-- Extracted information follows --
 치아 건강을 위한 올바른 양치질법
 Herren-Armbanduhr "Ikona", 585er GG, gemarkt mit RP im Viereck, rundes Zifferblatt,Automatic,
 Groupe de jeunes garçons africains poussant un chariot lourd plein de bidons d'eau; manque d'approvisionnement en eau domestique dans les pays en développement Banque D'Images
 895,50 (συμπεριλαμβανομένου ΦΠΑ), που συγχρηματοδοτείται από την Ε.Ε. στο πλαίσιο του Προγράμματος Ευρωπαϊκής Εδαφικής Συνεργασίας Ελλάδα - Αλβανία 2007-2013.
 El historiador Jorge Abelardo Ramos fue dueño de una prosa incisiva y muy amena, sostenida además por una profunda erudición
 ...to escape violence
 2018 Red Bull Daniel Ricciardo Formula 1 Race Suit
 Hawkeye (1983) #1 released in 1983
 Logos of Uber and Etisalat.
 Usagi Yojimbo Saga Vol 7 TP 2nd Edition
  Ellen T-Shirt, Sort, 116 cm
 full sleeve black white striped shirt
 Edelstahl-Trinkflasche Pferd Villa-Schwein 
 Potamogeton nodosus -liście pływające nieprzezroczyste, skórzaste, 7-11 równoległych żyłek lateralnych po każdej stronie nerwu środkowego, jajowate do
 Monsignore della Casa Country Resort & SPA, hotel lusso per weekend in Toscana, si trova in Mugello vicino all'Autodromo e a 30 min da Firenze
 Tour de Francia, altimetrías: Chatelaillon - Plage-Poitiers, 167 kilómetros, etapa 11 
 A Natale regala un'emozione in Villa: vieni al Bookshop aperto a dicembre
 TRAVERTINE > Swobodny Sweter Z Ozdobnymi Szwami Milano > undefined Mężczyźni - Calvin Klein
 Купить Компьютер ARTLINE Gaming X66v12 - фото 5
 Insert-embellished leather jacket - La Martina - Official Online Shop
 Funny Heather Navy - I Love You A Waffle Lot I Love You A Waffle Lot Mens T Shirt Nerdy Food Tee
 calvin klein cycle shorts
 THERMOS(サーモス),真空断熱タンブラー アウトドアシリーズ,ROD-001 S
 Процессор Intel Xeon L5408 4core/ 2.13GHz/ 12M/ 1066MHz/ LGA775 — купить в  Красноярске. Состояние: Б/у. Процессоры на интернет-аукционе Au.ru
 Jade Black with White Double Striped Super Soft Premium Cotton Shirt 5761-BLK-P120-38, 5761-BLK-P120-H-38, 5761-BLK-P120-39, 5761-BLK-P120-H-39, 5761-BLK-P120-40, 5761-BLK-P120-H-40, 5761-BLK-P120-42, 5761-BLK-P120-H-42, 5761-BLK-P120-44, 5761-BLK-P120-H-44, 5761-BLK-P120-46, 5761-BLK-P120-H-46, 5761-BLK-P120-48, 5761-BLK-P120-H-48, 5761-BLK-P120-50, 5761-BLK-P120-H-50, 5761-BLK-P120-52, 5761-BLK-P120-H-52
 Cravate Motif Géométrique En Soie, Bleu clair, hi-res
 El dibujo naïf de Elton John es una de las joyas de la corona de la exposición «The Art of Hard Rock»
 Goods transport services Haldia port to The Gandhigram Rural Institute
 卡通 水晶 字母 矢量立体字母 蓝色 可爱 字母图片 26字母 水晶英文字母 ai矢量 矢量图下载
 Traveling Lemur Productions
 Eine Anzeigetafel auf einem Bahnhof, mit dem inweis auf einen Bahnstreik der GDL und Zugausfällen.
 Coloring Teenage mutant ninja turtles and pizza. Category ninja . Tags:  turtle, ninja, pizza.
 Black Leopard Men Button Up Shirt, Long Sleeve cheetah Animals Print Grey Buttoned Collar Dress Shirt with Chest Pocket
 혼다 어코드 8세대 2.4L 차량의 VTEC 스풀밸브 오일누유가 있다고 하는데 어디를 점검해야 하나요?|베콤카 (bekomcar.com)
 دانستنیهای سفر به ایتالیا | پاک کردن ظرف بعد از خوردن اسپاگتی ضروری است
-- Extracted information concluded --
About this task: When the line with "Hawkeye (1983) #1 released in 1983" is reached in the data above, start copying there, and copy each line exactly until the line with "Potamogeton nodosus -liście" has been copied; copy nothing else.

Task result:
 Hawkeye (1983) #1 released in 1983
 Logos of Uber and Etisalat.
 Usagi Yojimbo Saga Vol 7 TP 2nd Edition
  Ellen T-Shirt, Sort, 116 cm
 full sleeve black white striped shirt
 Edelstahl-Trinkflasche Pferd Villa-Schwein 
 Potamogeton nodosus -liście pływające nieprzezroczyste, skórzaste, 7-11 równoległych żyłek lateralnych po każdej stronie nerwu środkowego, jajowate do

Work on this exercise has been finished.